As photo library sizes increase the need and benefit of annotation and search capabilities grows.  The need to rapidly locate photos of Bill Clinton meeting with Boris Yeltsin at a European summit held in 1998 is strong enough to justify substantial efforts in many news agencies.  More difficult searches such as “agriculture in developing nations” are harder to satisfy, but many web and database search tools support such searches (Lycos, Corbis, etc.).  Query-By-Image-Content from IBM, is one of many projects that uses automated techniques to analyze image (  Computer vision techniques can be helpful in finding photos by color (sunsets are a typical example), identifying features (corporate logos or the Washington Monument), or textures (such as clouds or trees), but a blend of automated and manual techniques may be preferable.  Face recognition research offers hope for automated annotation, but commercial progress is slow [1][2].


2. Related Work on Annotation


Annotation of photos is a variation on previously explored problems such as annotation on maps [3][4][5] in which the challenge is to place city, state, river, or lake labels close to the features.  There is a long history of work on this problem, but new possibilities emerge because of the dynamics of the computer screen (Figure 1). However, annotation is usually seen as an authoring process conducted by specialists and users only chose whether to show or hide annotations. Variations on annotation also come from the placement of labels on markers in information visualization tasks such as in tree structures, such in the hyperbolic tree [6] (Figure 2) or in medical histories, such as LifeLines [7] (Figure 3).
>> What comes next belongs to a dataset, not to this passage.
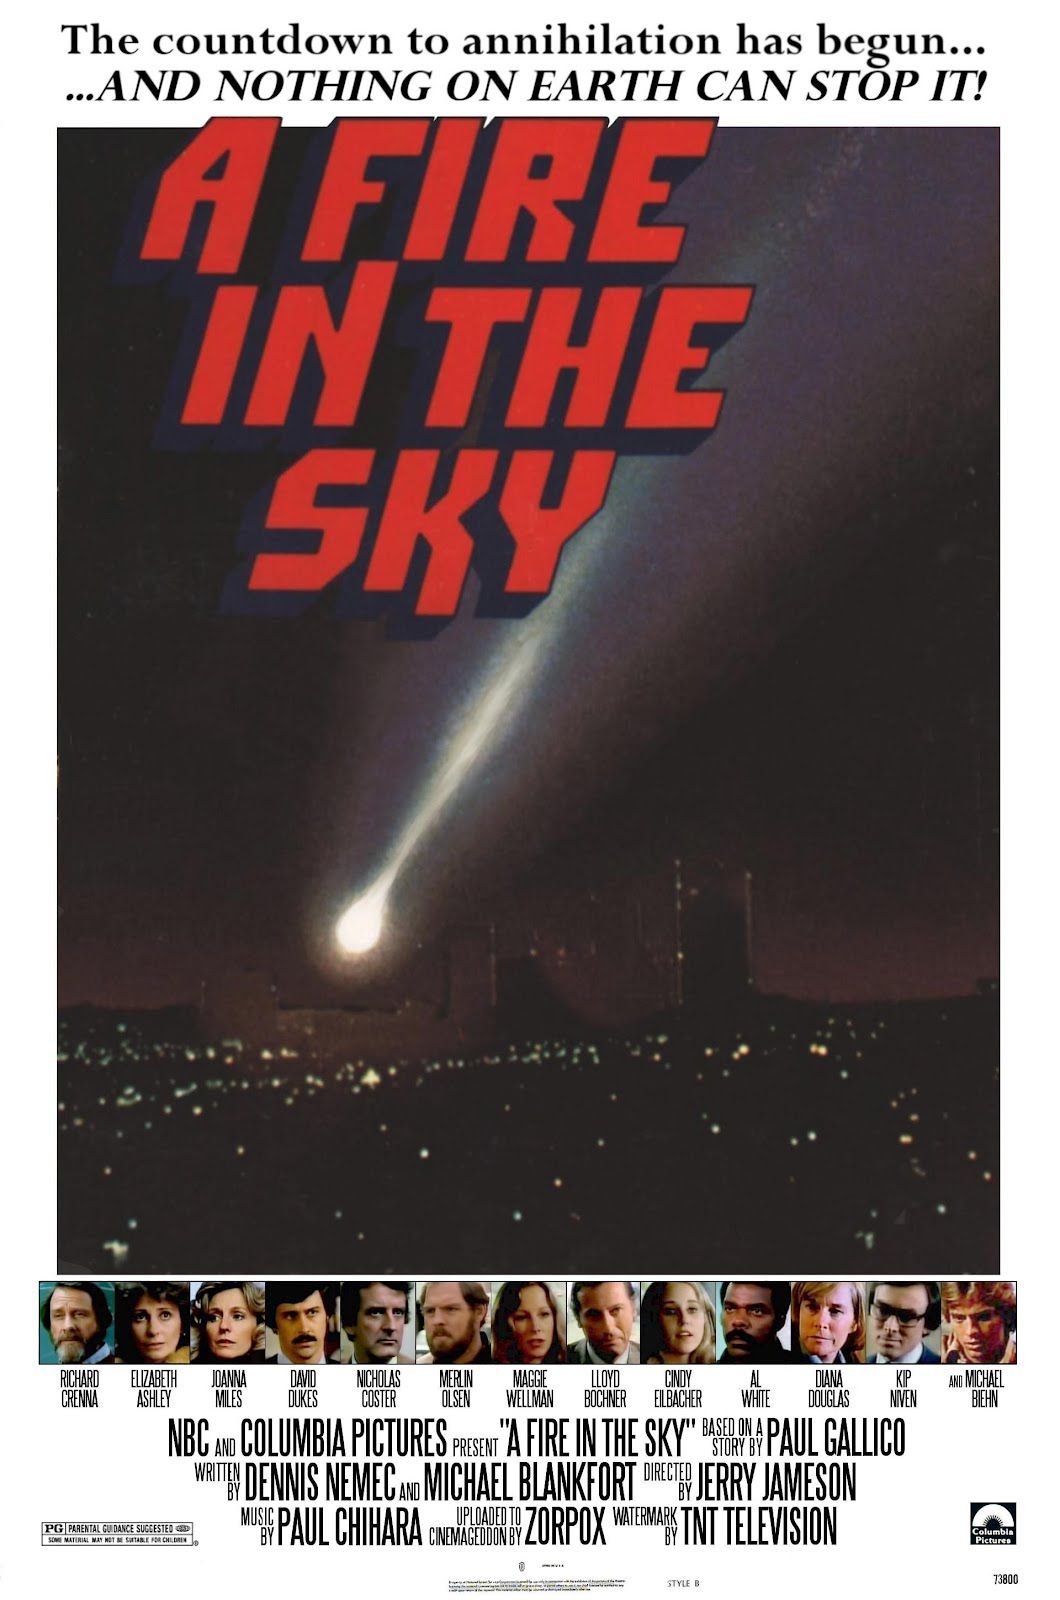 A Fire in the Sky - Promo Poster
Keywords: ;media_poster

Figure 1. US Map with City Names

Figure 2. Hyperbolic Tree


Figure 3. LifeLines Medical Patient History

Previous work on annotation focused on writing programs to make label placements that reduced overlaps [8], but there are many situations in which it is helpful for users to place labels manually, much like post-it notes, on documents, photos, maps, diagrams, webpages, etc.  Annotation of paper and electronic documents by hand is also a much-studied topic with continuing innovations [9]. While many systems allow notes to be placed on a document or object, the demands of annotating personal photo libraries are worthy of special study [10].  We believe that personal photo libraries are a special case because users are concentrating on the photos (and may have a low interested in the underlying technology), are concerned about the social aspects of sharing photos, and are intermittent users.  They seek enjoyment and have little patience for form filling or data entry.


3. The PhotoFinder Project


In the initial stages of our project on storage and retrieval from personal photo libraries (, we emphasize collection management and annotation to support searching for people.  This decision was based on our user needs assessment, reports from other researchers, and our personal experience that indicate that people often want to find photos of a friend or relative at some event that occurred recently or years ago [2][11].  Personal photo libraries may have from hundreds to tens of thousands of photos, and organization is, to be generous, haphazard.  Photos are sometimes in neat albums, but more often put in a drawer or a shoebox.  While recent photos are often on top, shuffling through the photos often leaves them disorganized. Some users will keep photos in the envelopes they got from the photo store, and more organized types will label and order them.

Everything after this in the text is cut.